Селестина убрала руку с моего затылка и переместила её между ног, потирая мне яички с унизительной нежностью, от которой я содрогнулся. Из меня вырвался надломленный стон, и всё тело начало стремительно приближаться к пределу, что пугало меня до ужаса. В каждом мгновении была унизительность, но вместе с ней — непроизвольная отдача, телесная капитуляция, которая выходила далеко за пределы того, что мой разум хотел признать.
— Хочешь кончить? — спросила Долорес, с улыбкой, которую я скорее слышал, чем видел.
Я не знал, что ответить.
Селестина сухо шлёпнула меня по избитой ягодице.
— Отвечай.
— Да, — наконец сказал я, и слово вышло у меня надломленным, отчаянным, совершенно непристойным.
— Тогда попроси как следует.
Я дрожал так сильно, что едва мог соображать. Всё тело было узлом жара, боли и стыда. Член пульсировал в руке Долорес, дыхание срывалось у меня в горле, а давление в заднем проходе всё росло под её пальцами, раздвигавшими меня с жестокой терпеливостью.

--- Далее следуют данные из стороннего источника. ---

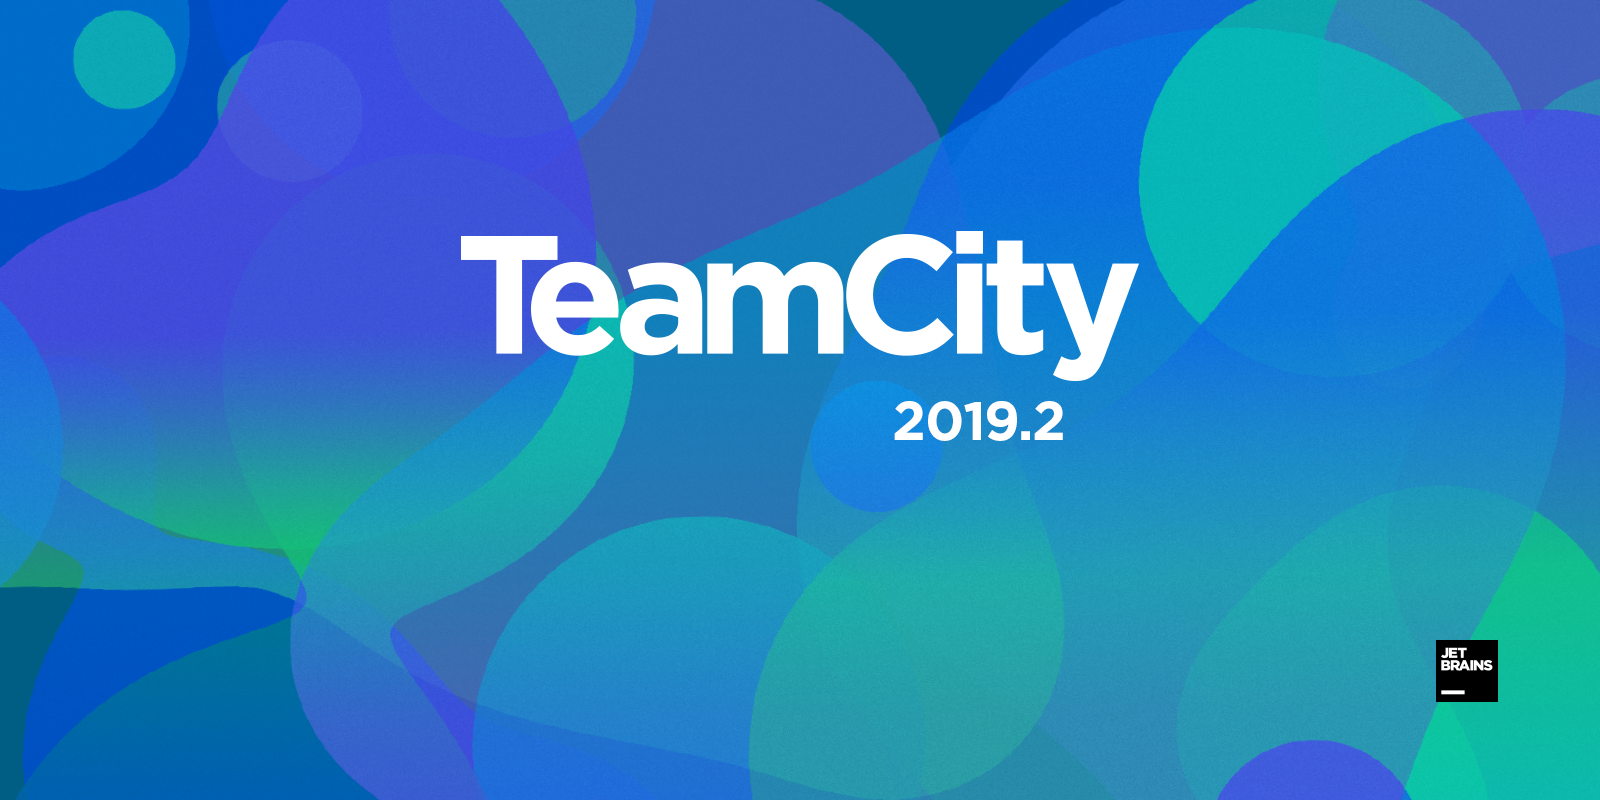 blog_teamcity-2019.2

Я услышал самого себя, умоляющего тоном, которым никогда прежде не пользовался, тихо, со стыдом, почти неслышно.
— Пожалуйста.
Долорес издала шипение удовлетворения. Селестина крепко сжала мне бёдра и заставила выгнуться ещё сильнее. Рука, ласкавшая меня, ускорилась, и одновременно палец внутри моего зада вошёл чуть глубже, вызвав разряд, пронзивший меня целиком. Оргазм пришёл внезапно, грубо, безо всякой изящности, заставив меня стонать в матрас, пока сперма хлынула толчками на ладонь Долорес и запачкала простыню и часть моих бёдер. Я ощущал каждый импульс с непристойной ясностью, словно тело хотело оставить доказательство своей капитуляции.
Долорес не отстранилась. Она продолжала доить меня ровно настолько, чтобы выжать последние судороги, наблюдая, как я распадаюсь на матрасе, задыхаясь, всё ещё дрожа под её руками. Селестина наконец вынула пальцы из моего зада и легонько ударила меня нагайкой по покрасневшей ягодице — на этот раз почти ласково по сравнению с тем, что было раньше.
— Очень хорошо, — сказала она голосом, звучавшим удивительно точно и удовлетворённо. — Теперь ты понимаешь разницу между просьбой и приказом.
Они оставили меня ещё на несколько секунд — с брюками на бёдрах, с грудью, вдавленной в простыни, и с членом, всё ещё пульсирующим от избытка ощущений. Потом, с тем же спокойствием, с каким вошли, начали снова одевать меня, расправляя одежду, вытирая тканью то, что оставили на мне, словно это было всего лишь очередное домашнее дело.
Той ночью я узнал, что между тем, чтобы провоцировать кого-то, и тем, чтобы оказаться в его власти, — огромная разница. Что страх и возбуждение не всегда так уж различны, как хотелось бы. И что я вошёл в этот дворец, считая себя хозяином хоть чего-то, не зная, что с первого же мгновения был здесь не кем иным, как пленником.